Decision tree based classification uses a decision tree (as a predictive model) to go from observations about an item (represented in the branches) to conclusions about the item’s target value (represented in the leaves).
Classification problem specific to decision trees include
- Classifying male/female based on the first name of user
- Classifying rainy or cloudy based on the time of day
- Classifying Spam/ham based on the message received.
I will consider the first example of classifying male/female based on the first name of user.
If we are to do the above task manually, we would have a decision based tree as follows where patterns such as vowel-endings are used for classification of either male or female.
Decision tree models works similarly.The decision tree model finds patterns from the training data set and builds its own splitting rules which can be used for classification.
The Gini Index is used as the cost function used when constructing a decision tree.The Gini Index is used to form the rules in the training dataset.
A Gini score gives an idea of how good a split is by how mixed the classes are in the two labeled groups created by the split. A perfect separation results in a Gini score of 0, whereas the worst case split that results in 50/50 classes.
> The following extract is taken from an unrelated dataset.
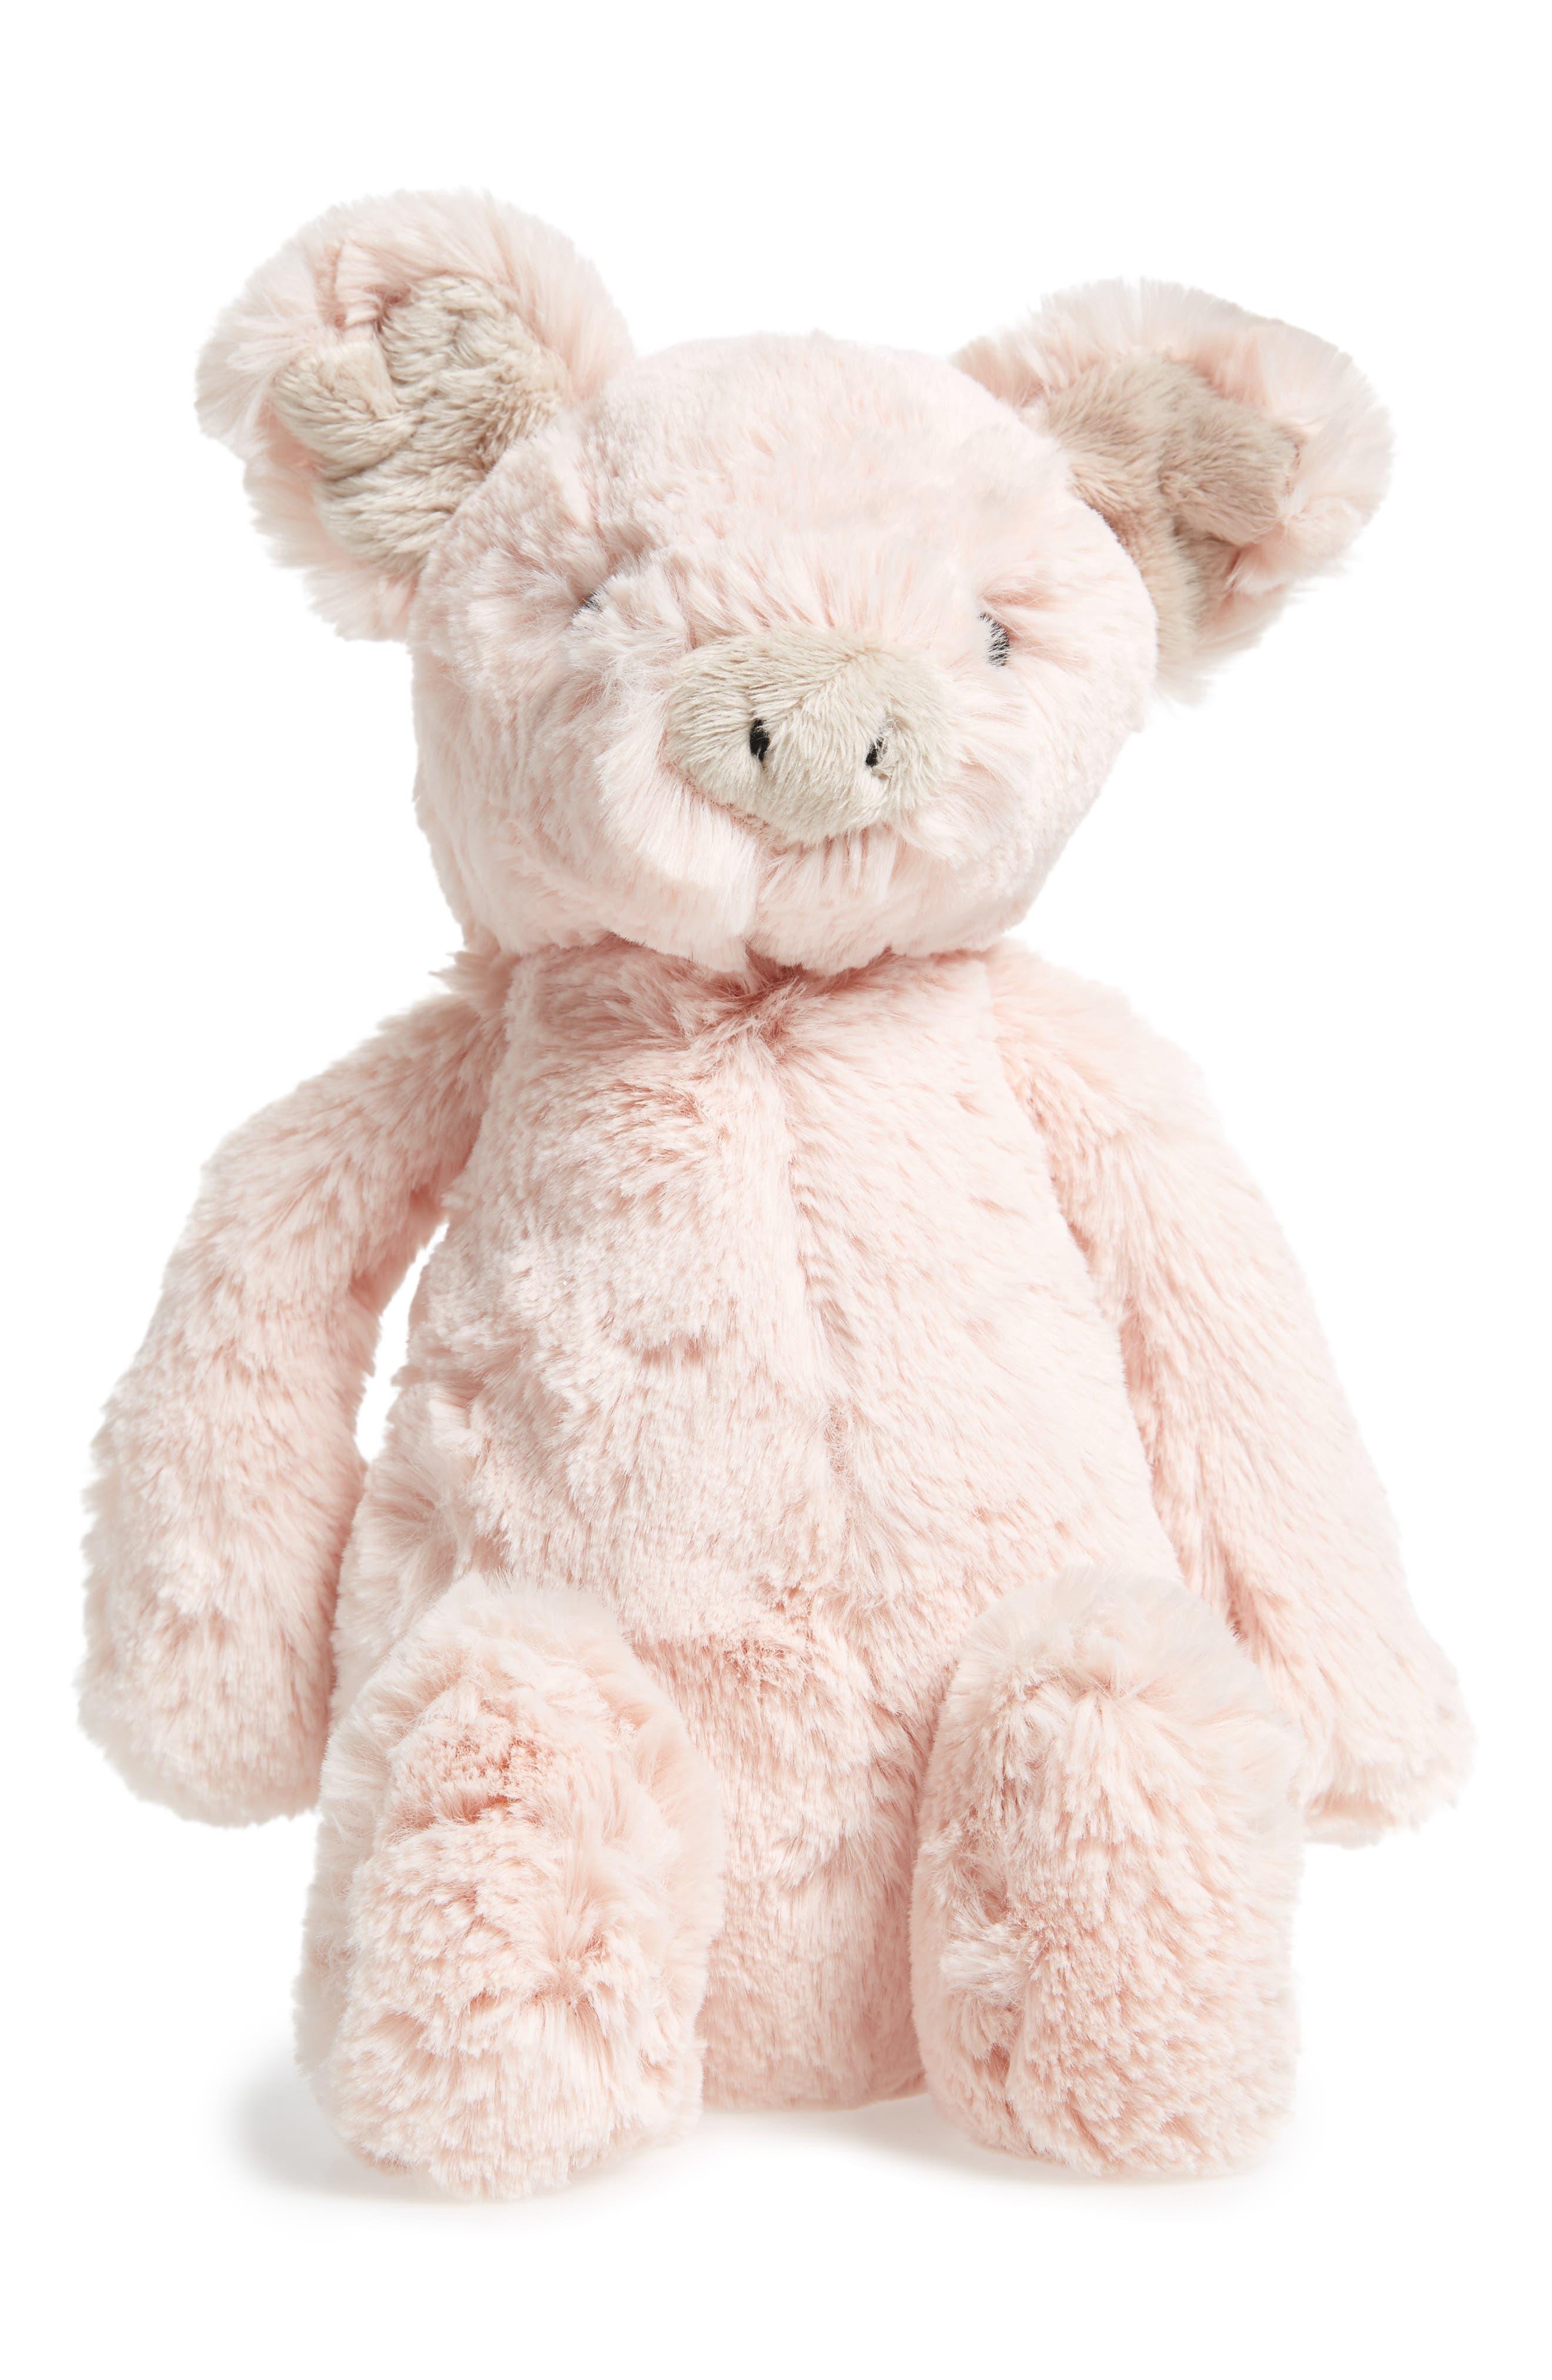 Jellycat 'Bashful Piggy' Stuffed Animal

We calculate it for every row and split the data accordingly in our binary tree. We repeat this process recursively.
Example use of Gini to split dataset
One problem that might occur with Decision Trees is that it can overfit/underfit. That is the Decision Tree can “memorize” the training set.
Ensemble learning techniques could be used to reduce the effects of this. These include using Random forest, Gradient boosted trees.
What random forest does is construct multiple Decision Trees and get a majority vote when classifying.